Бабушка Линн достала из морозильника формочки со льдом и над раковиной извлекла кубики. Ровно семь штук в каждый бокал. Повернув кран, она немного выждала, чтобы вода стала как можно холоднее. Ее Абигайль вот-вот вернется домой. Ее сумасбродная Абигайль, ее любимица.

Но пока, глядя в окно, она могла поклясться, что возле дворовой крепости Бакли сидит девушка, одетая по моде ее юности, и смотрит на нее в упор, В следующее мгновение девушка исчезла. Бабушка тряхнула головой. Наверно, почудилось от переутомления. Лучше об этом помалкивать.

Когда папина машина свернула на подъездную аллею, у меня возникло сомнение: этого ли я ждала — чтобы моя семья направилась домой, а не ко мне? Чтобы все радовались друг другу в мое отсутствие?

При свете дня мой папа стал как-то ниже ростом и тоньше в кости, но его глаза светились благодарностью, чего не случалось многие годы.

А мама с каждой минутой подходила к мысли о том, что, возможно, она все-таки приживется дома.
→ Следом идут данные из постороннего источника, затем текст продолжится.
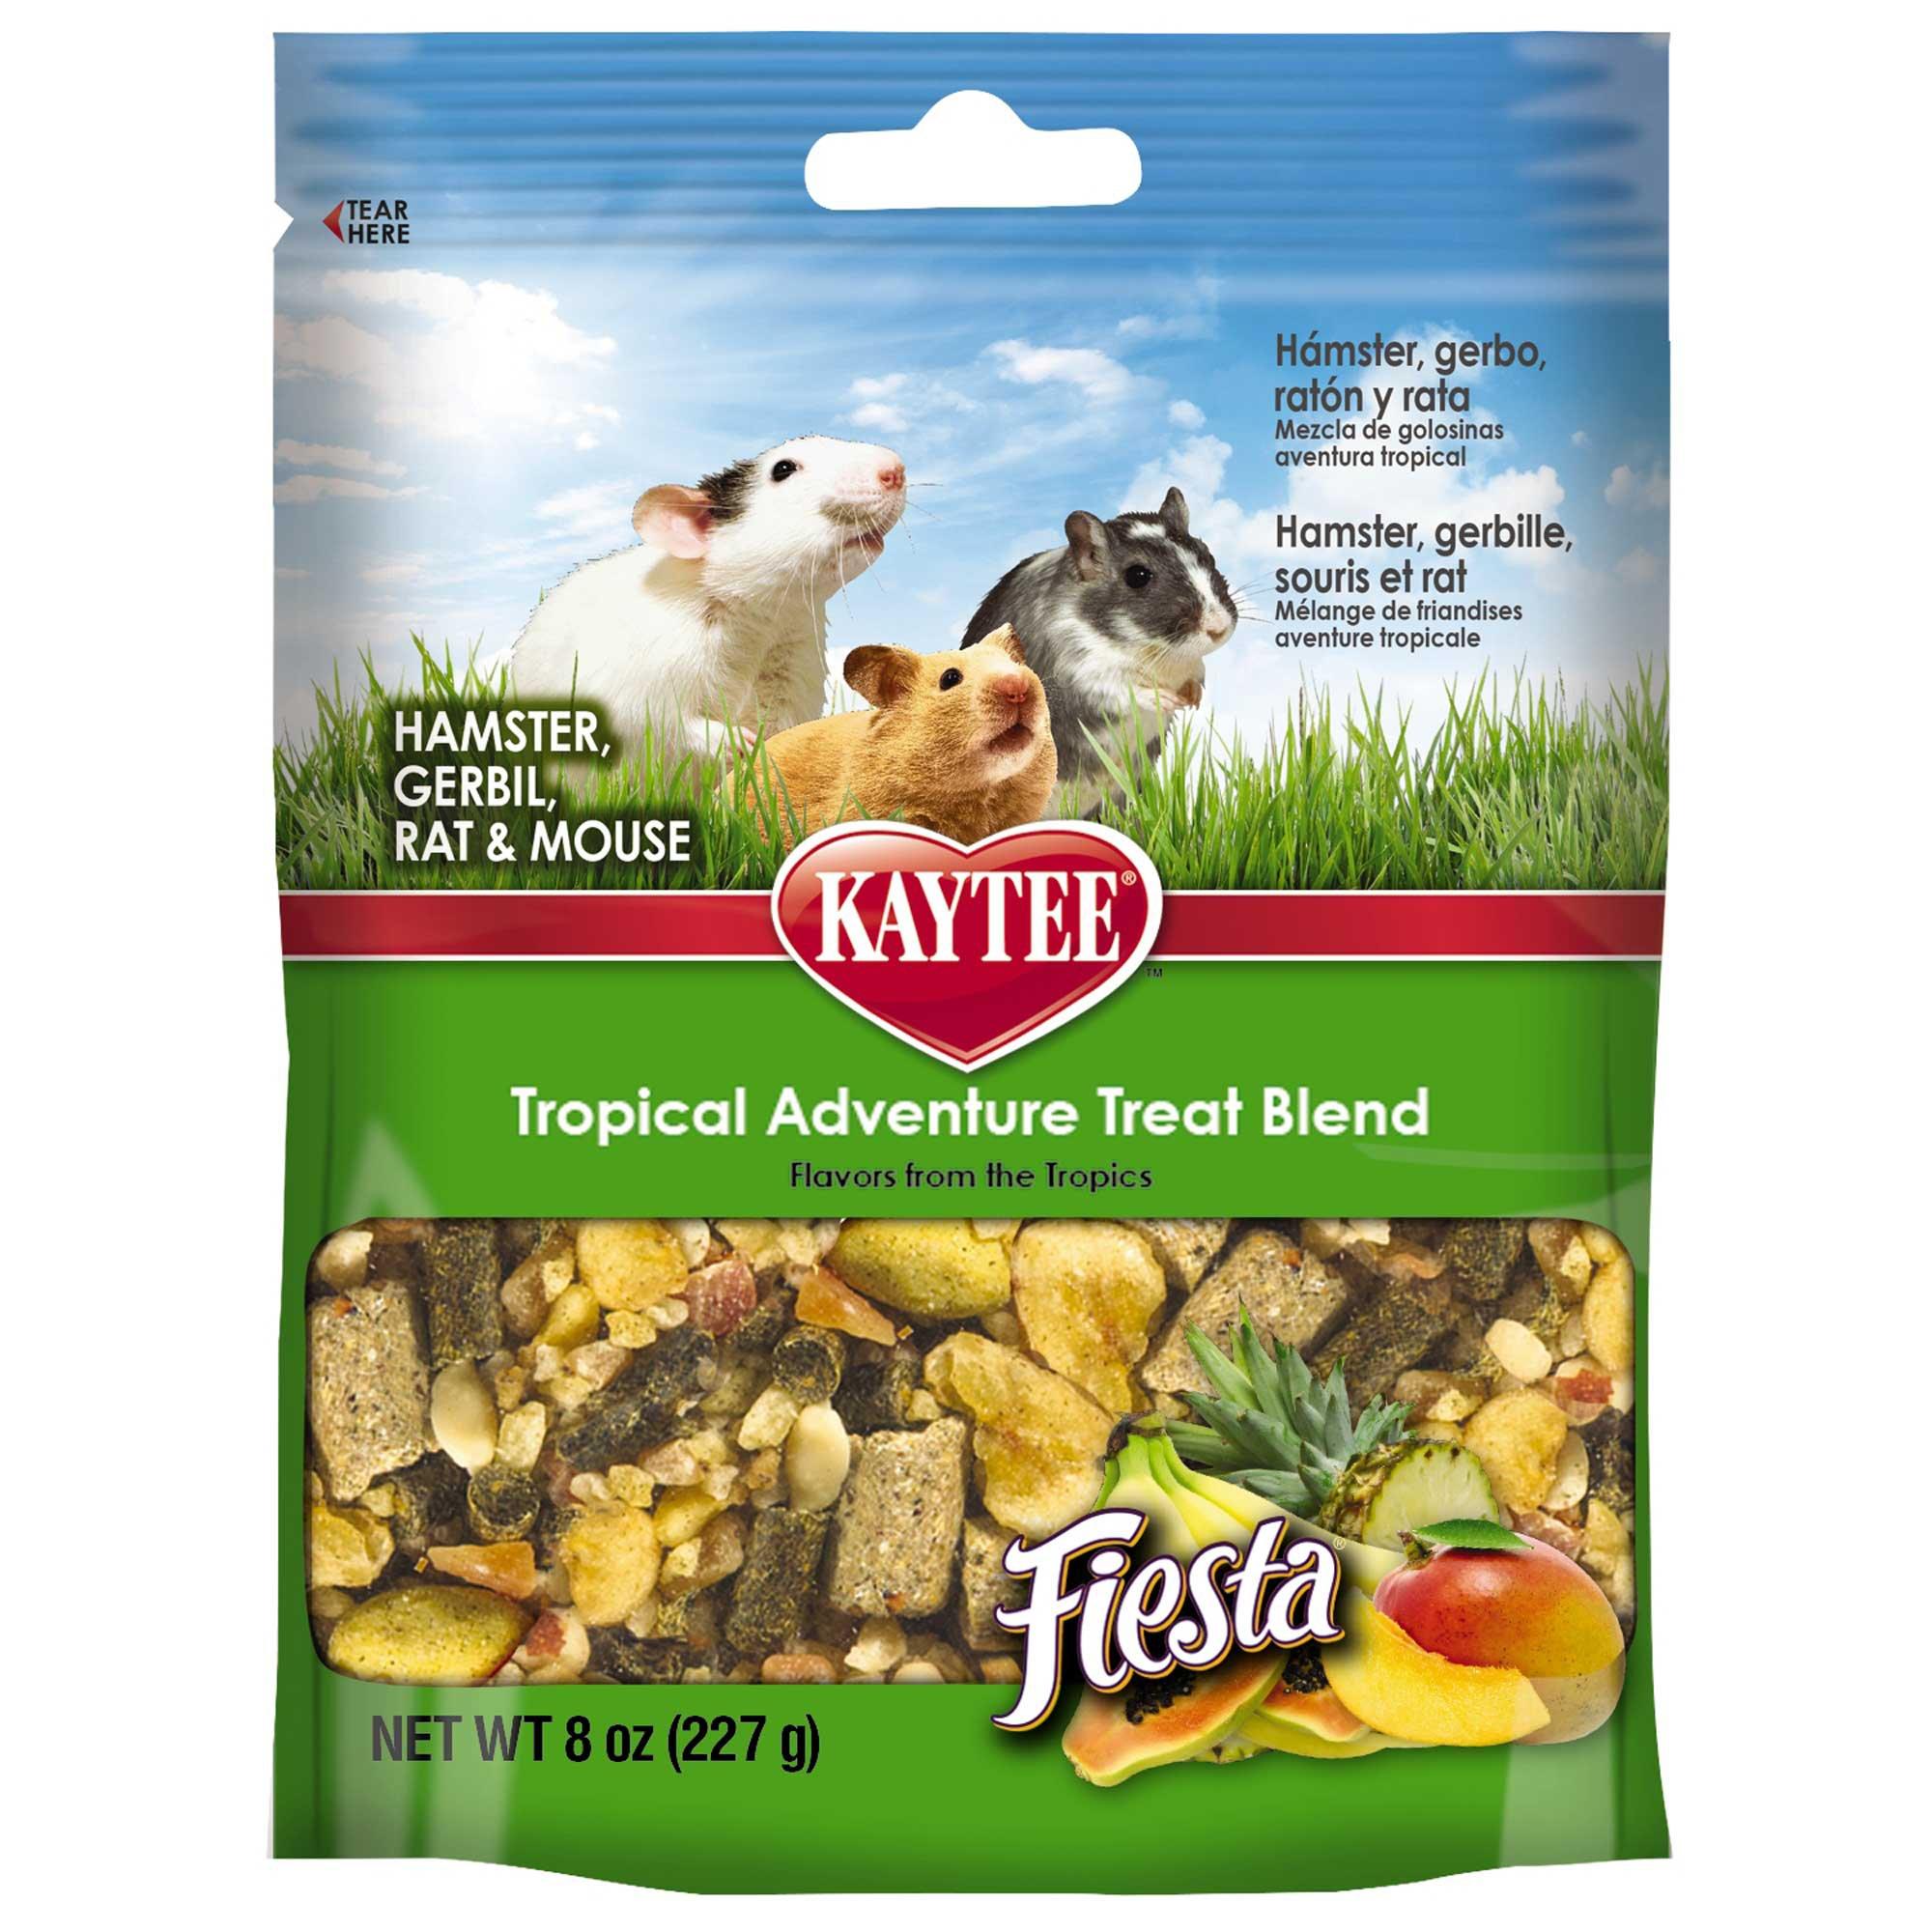 Kaytee Fiesta Tropical Adventure Small Animal Treat

Все четверо, как по команде, вышли из машины. Бакли, выбравшись с заднего сиденья, бросился к моему отцу: тот мог бы обойтись без посторонней помощи, но Бакли, видно, хотел оградить его от мамы. Линдси, привыкшая все держать под контролем, следила за ним поверх капота. Она несла ответственность за семью — так же, как мой брат; так же, как мой отец. Повернув голову, она встретила мамин взгляд, устремленный на нее сквозь букет желтых нарциссов.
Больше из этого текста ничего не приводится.